Question

from right circular cylinder with height 10 cm and radius of base 6 CM a right circular cone of the same height and base is remote find the volume of the remaining solid

Answer 1

753.98 cubic cm.

Explanation:

We have been given that from right circular cylinder with height 10 cm and radius of base 6 cm, a right circular cone of the same height and base is removed.

To find the area of remaining solid we will subtract volume of cone from volume of cylinder.

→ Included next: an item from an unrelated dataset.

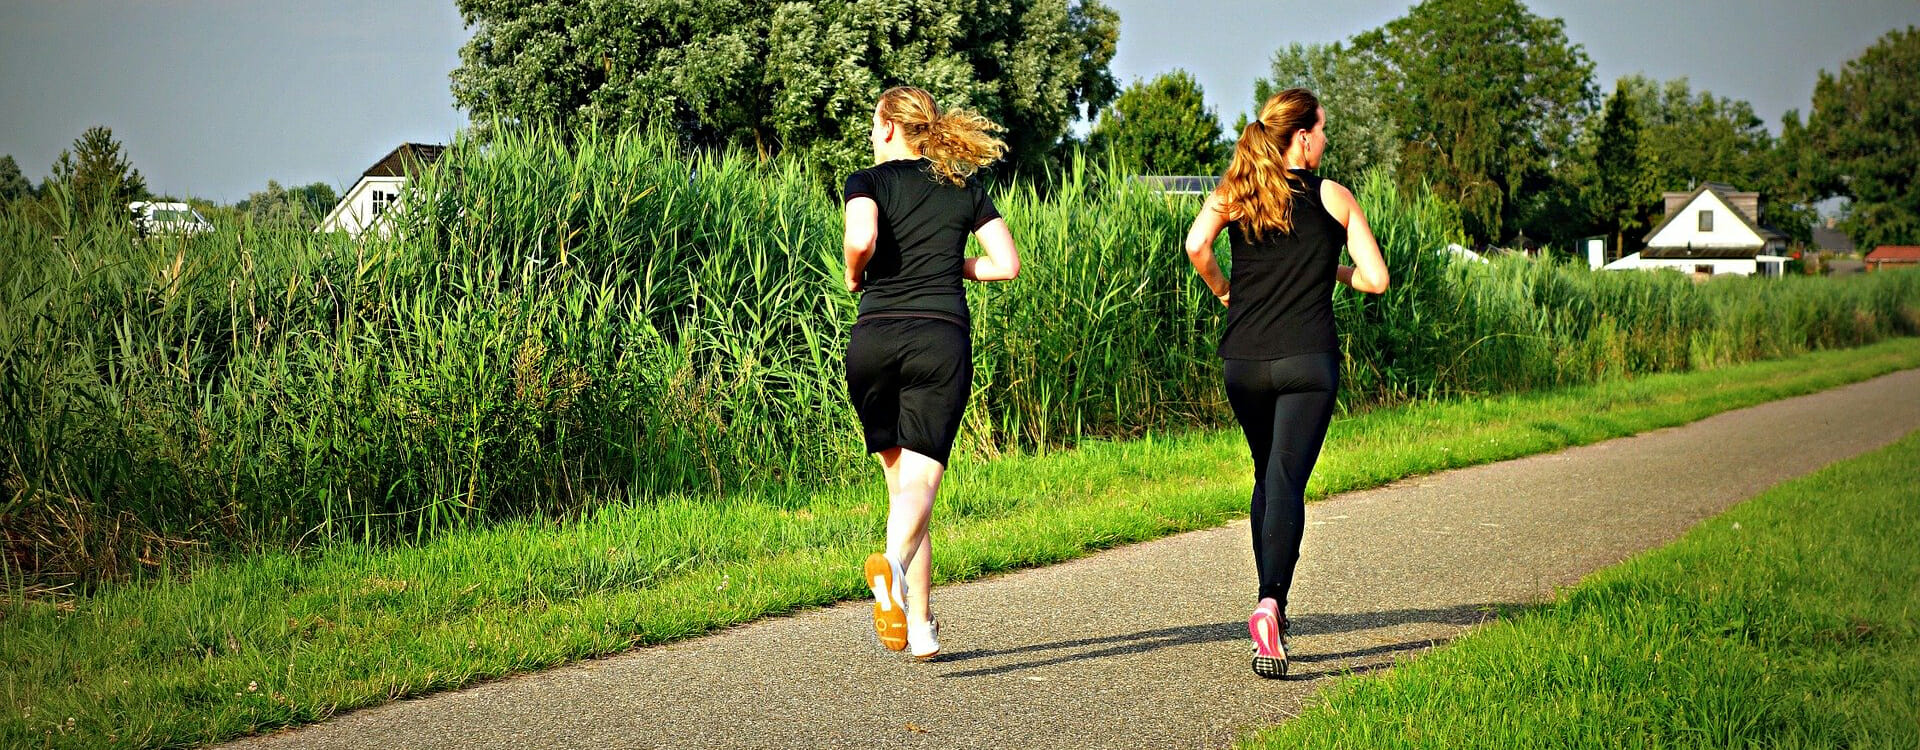 Joggen für Anfänger - Zwei joggende Frauen im Park.

`\text{Volume of remaining solid}=\text{Volume of cylinder- Volume of cone}`

`\text{Volume of remaining solid}=\pi r^(2) h- (1)/(3)\pi r^(2)h`

`\text{Volume of remaining solid}=(3)/(3)\pi r^(2) h- (1)/(3)\pi r^(2)h`

`\text{Volume of remaining solid}=(2)/(3)\pi r^(2) h`

Upon substituting our given values in the formula we will get,

`\text{Volume of remaining solid}=(2)/(3)\pi*6^(2)*10`

`\text{Volume of remaining solid}=(2)/(3)\pi*36*10`

`\text{Volume of remaining solid}=2*\pi*12*10`

`\text{Volume of remaining solid}=240\pi`

`\text{Volume of remaining solid}=753.9822368615503772\approx 753.98`

Therefore, the volume of remaining solid is 753.98 cubic cm.